◆ **Task brief**
From the first line to the last, copy the data exactly and drop the pictures.

---------- Supplied information ----------

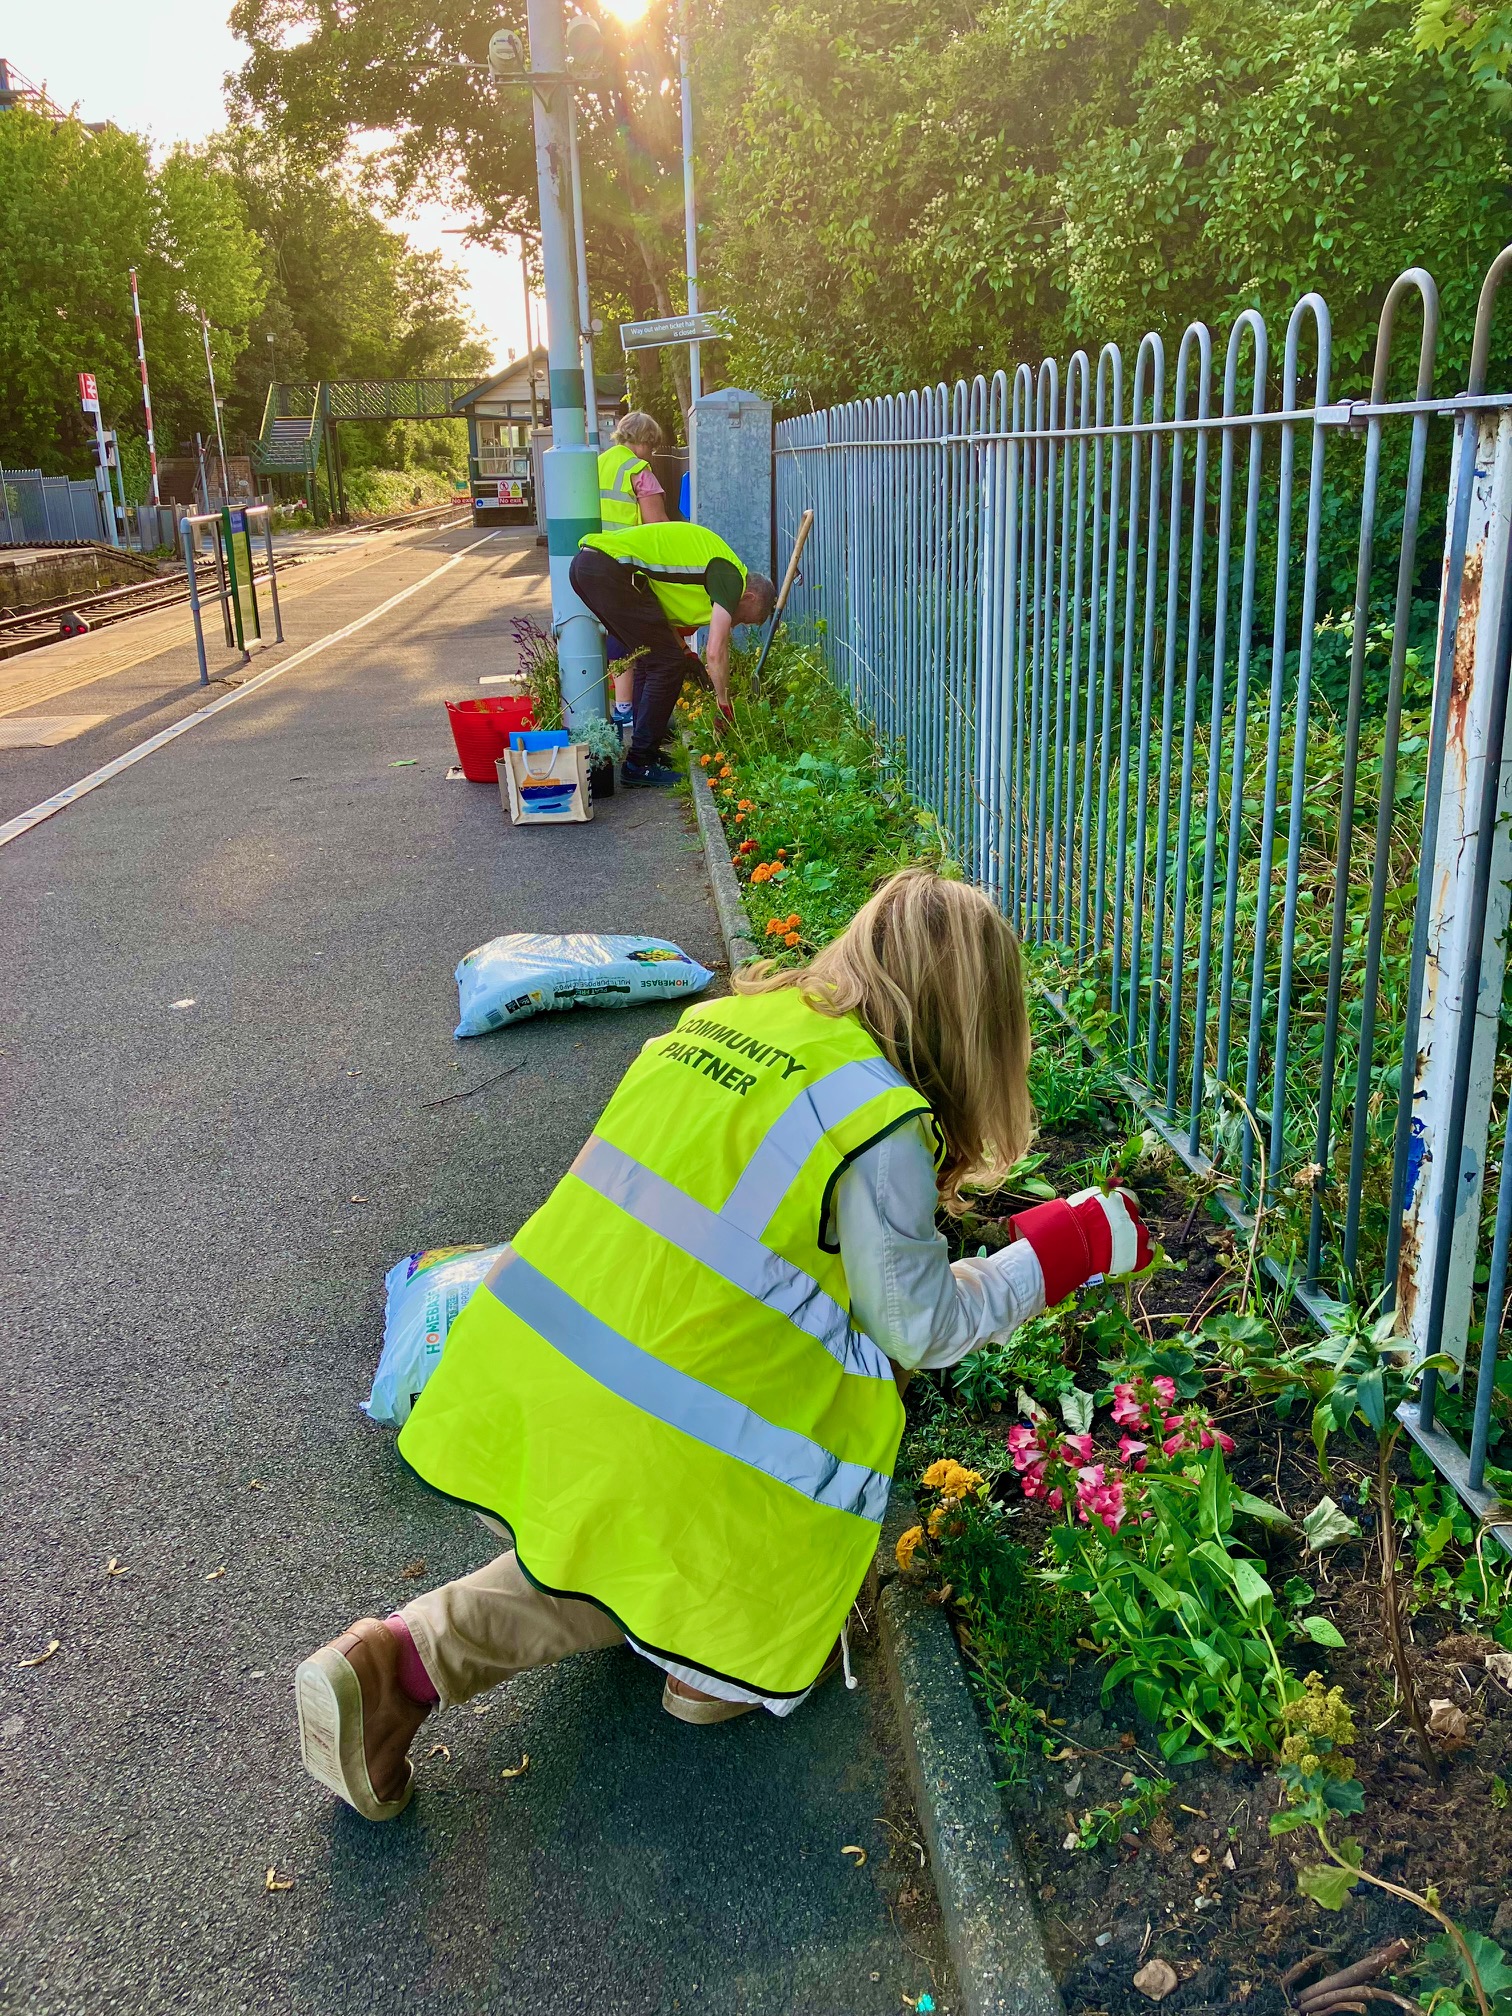 Volunteers from Growing Redhill and Loveworks, Reigate, work hard to make our local railway platforms a joy to visit; clearing and planting beds and planters to provide not only a gorgeous visual display for travellers but also vital pollinator pathways for all sorts of insects. A wonderful example of community transformational urban greening across the local borough.
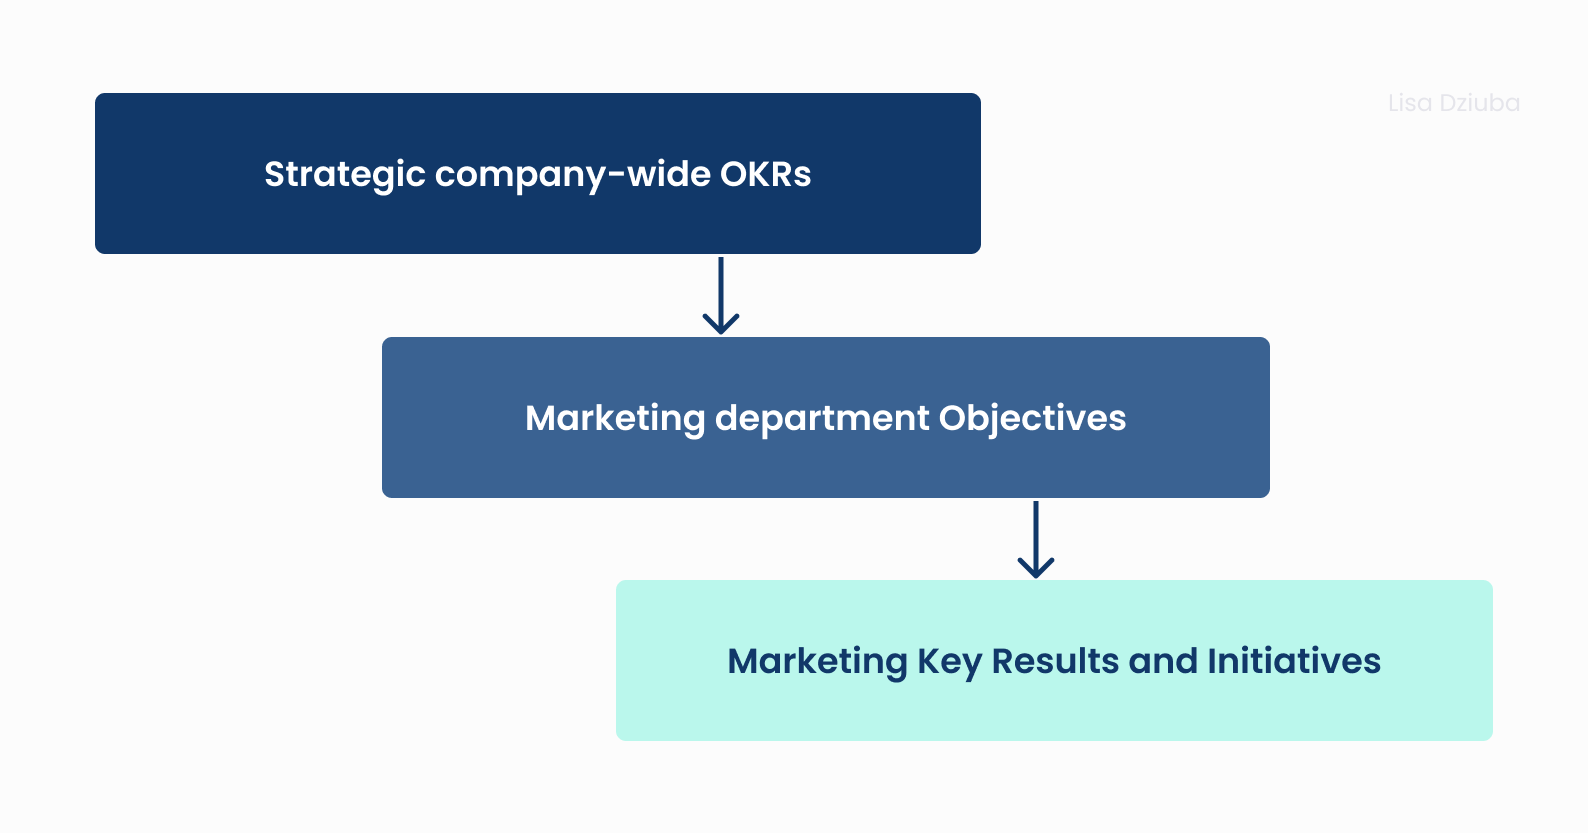 strategic company-wide OKRs go to marketing department objectives, go to marketing key results and initiatives
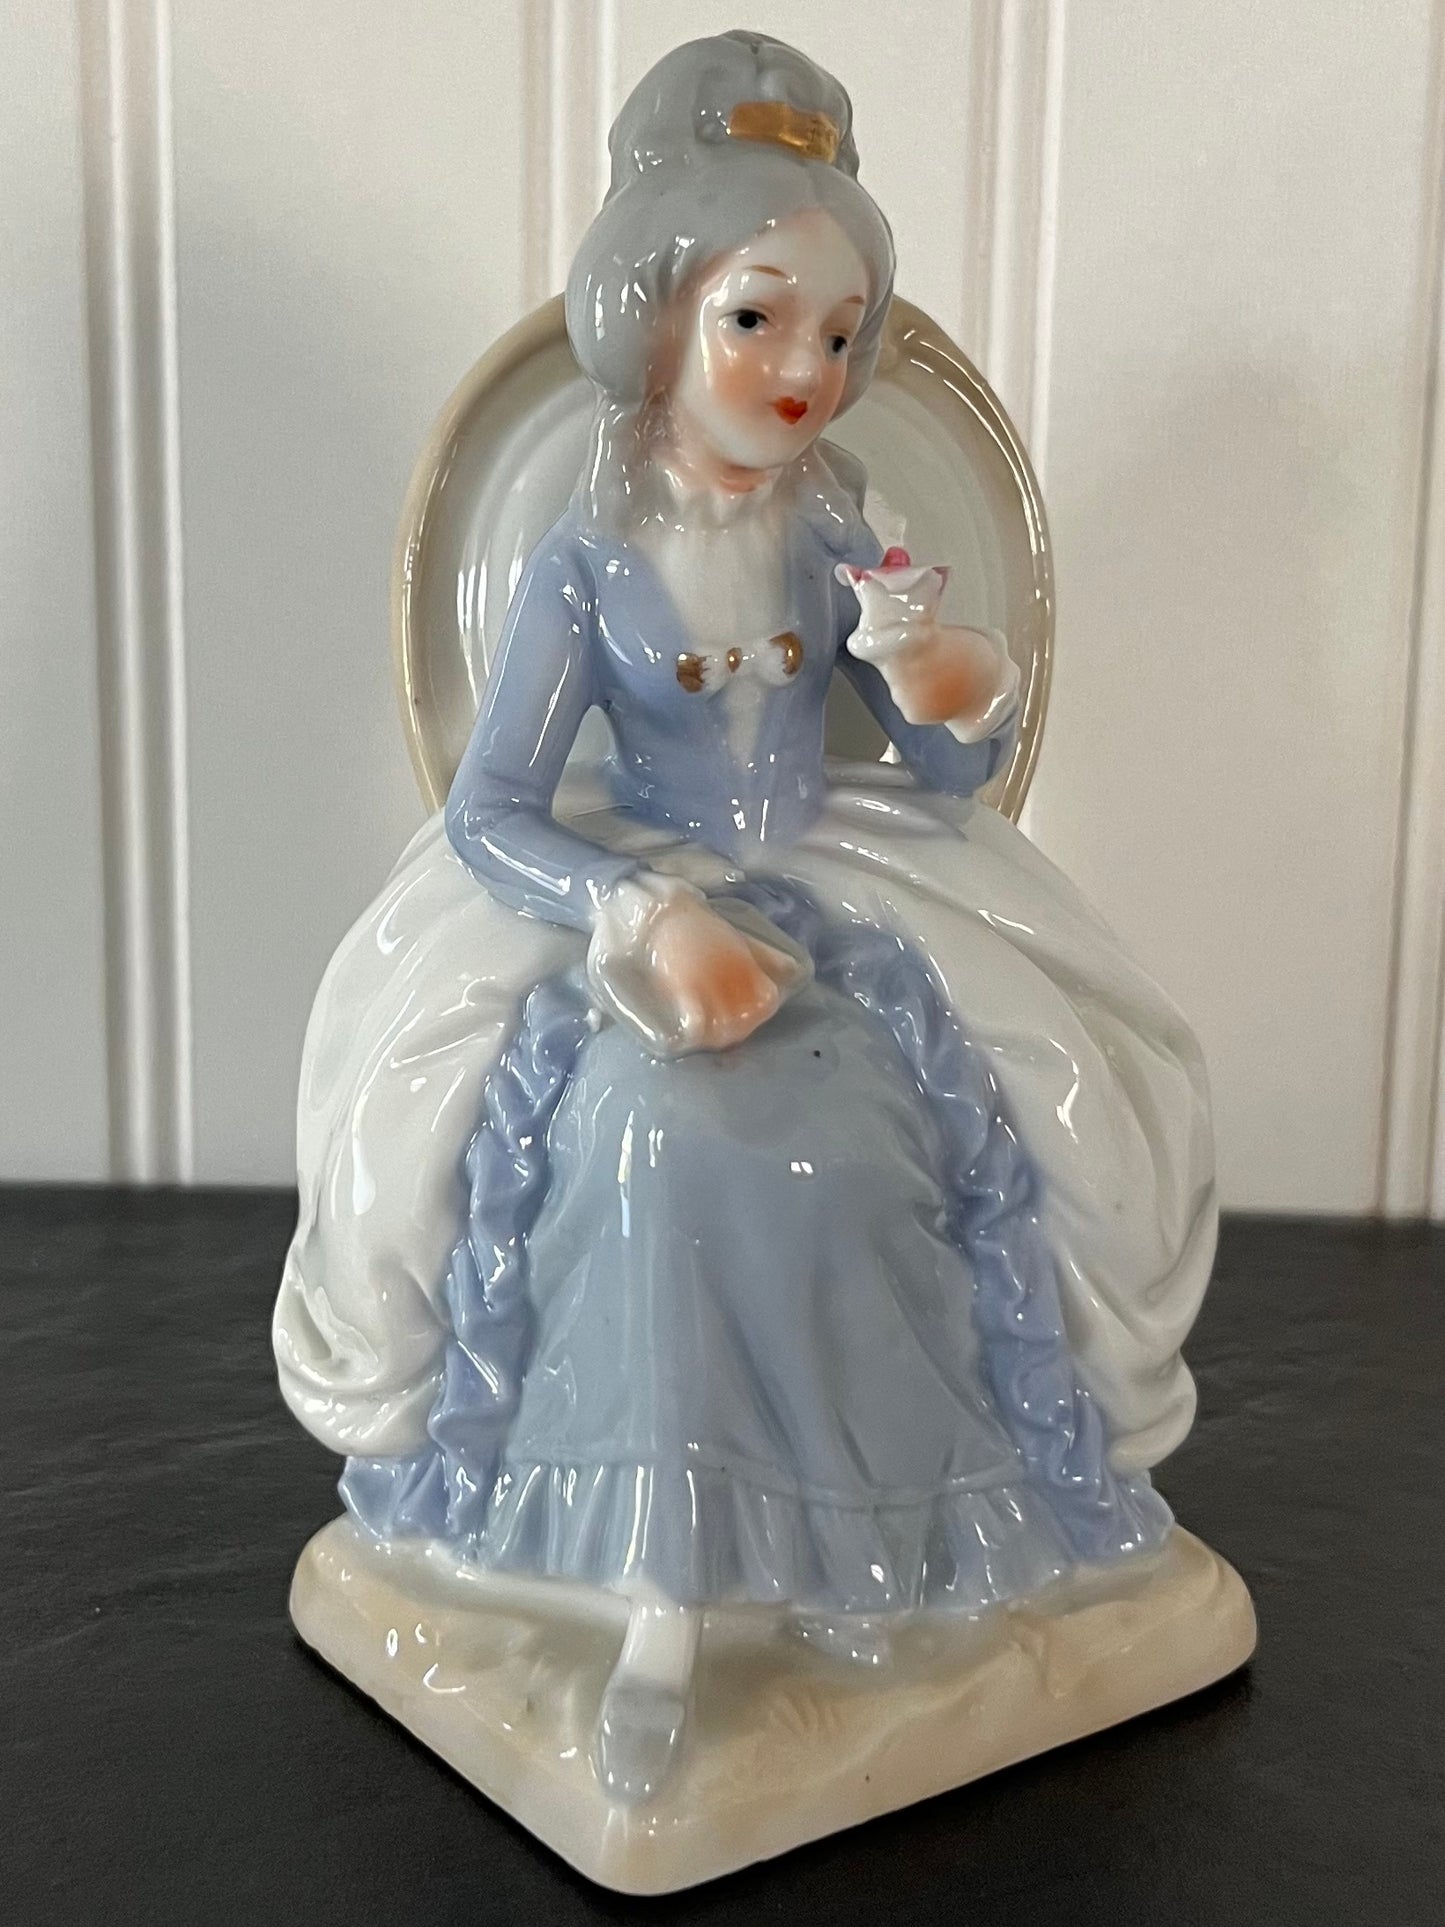 Vintage Blue and White French Provincial Colonial Regency Ceramic Porcelain Figurines - Gentleman and Lady Set

----------

◆ **Written response**
 Volunteers from Growing Redhill and Loveworks, Reigate, work hard to make our local railway platforms a joy to visit; clearing and planting beds and planters to provide not only a gorgeous visual display for travellers but also vital pollinator pathways for all sorts of insects. A wonderful example of community transformational urban greening across the local borough.
 strategic company-wide OKRs go to marketing department objectives, go to marketing key results and initiatives
 Vintage Blue and White French Provincial Colonial Regency Ceramic Porcelain Figurines - Gentleman and Lady Set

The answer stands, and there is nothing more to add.